Into this dehumanising world, Oram introduces two flawed protagonists who each in their way challenge the control and assumptions of a corporatised society.

Amber and Martin work for the Bureaucracy, the organisation used by the corporations to manage the rainbow-coloured social stratification system — with red at the top and violet at the bottom — that underpins their control of the populace.

Amber’s motivation is purely personal. She’s been stealing data in order to better manipulate the system’s algorithm to ensure her promotion to a higher level.

But Martin, a more politically motivated family man, is in danger of slipping down to a lower tier and is worried about his son Max.

When we first encounter her Amber, a desensitised apparatchik, is coolly fulfilling the Bureaucracy’s requirements not to re-classify citizens clearly unfit to work.

Martin is more compassionate but constrained by his own fears for his status and that of his family.

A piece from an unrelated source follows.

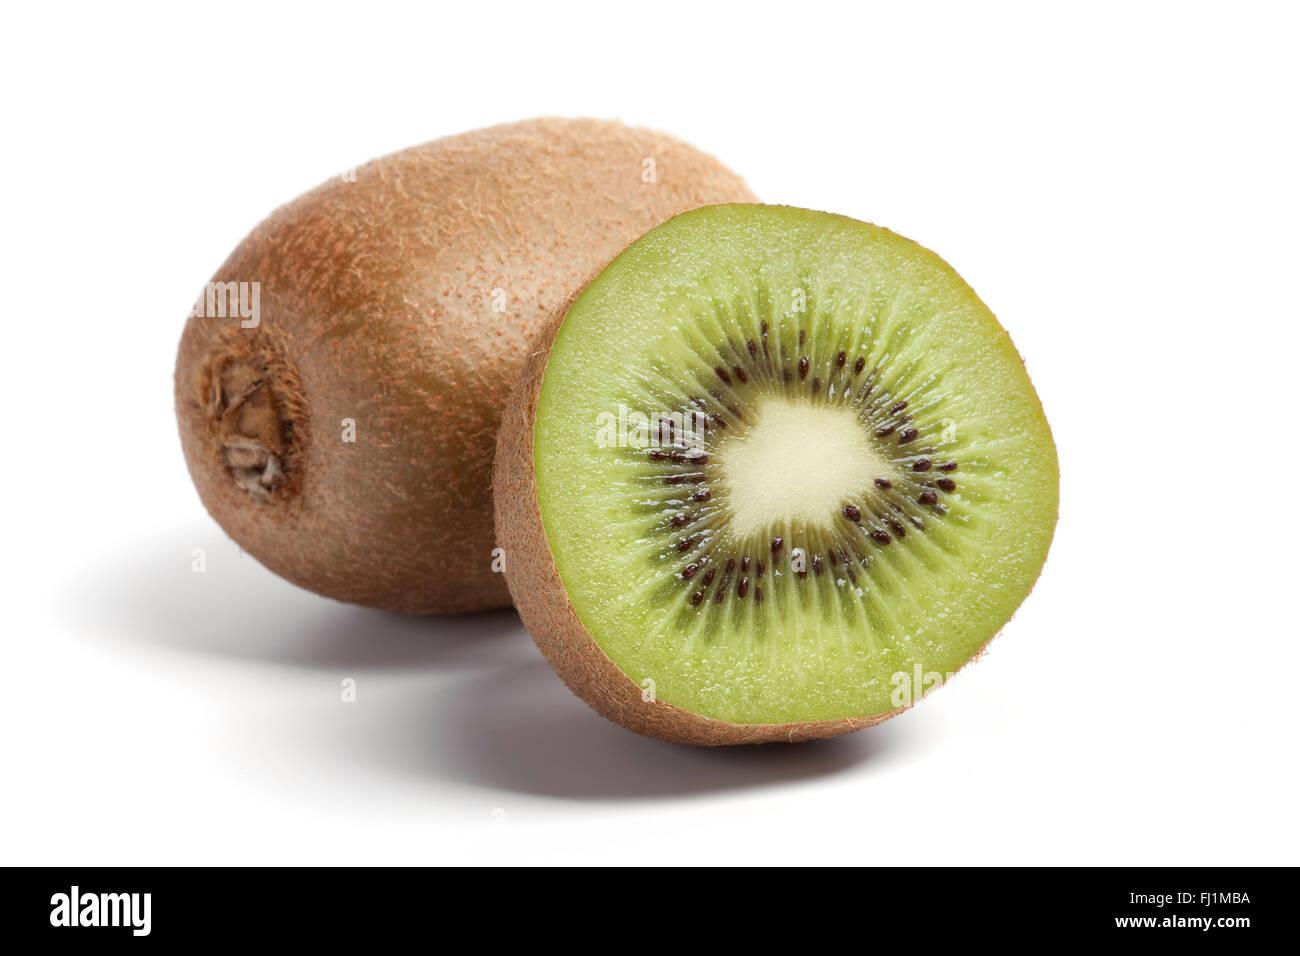 Fresh ripe one and a half kiwi on white background - Stock Image

They are linked not only by what they do but by the fact that Max is Amber’s blackmailer.

Oram takes his characters on a Dantesque journey into a world devastated by fear and greed, from the patrician “reds” down to the “outliers,” those who have opted out or been pushed to opt out of corporate society.

Both Amber and Martin suffer from the physical and mental sadism that allows those at the top to exercise their warped fantasies upon those at the bottom without redress.

The author has created a vivid and frightening vision and the resulting verisimilitude of a believable world just around the corner is an outstanding feature of this novel.

Sometimes the dialogue’s a little wooden and it’s a struggle to easily identify the different voices given to his characters, with many sounding pretty similar.

But maybe that was a deliberate ploy to underline the homogenisation demanded of people by big business?

The world of Fluence may soon be upon us and we must act to stop a pulsating piece of fiction becoming our terrible reality.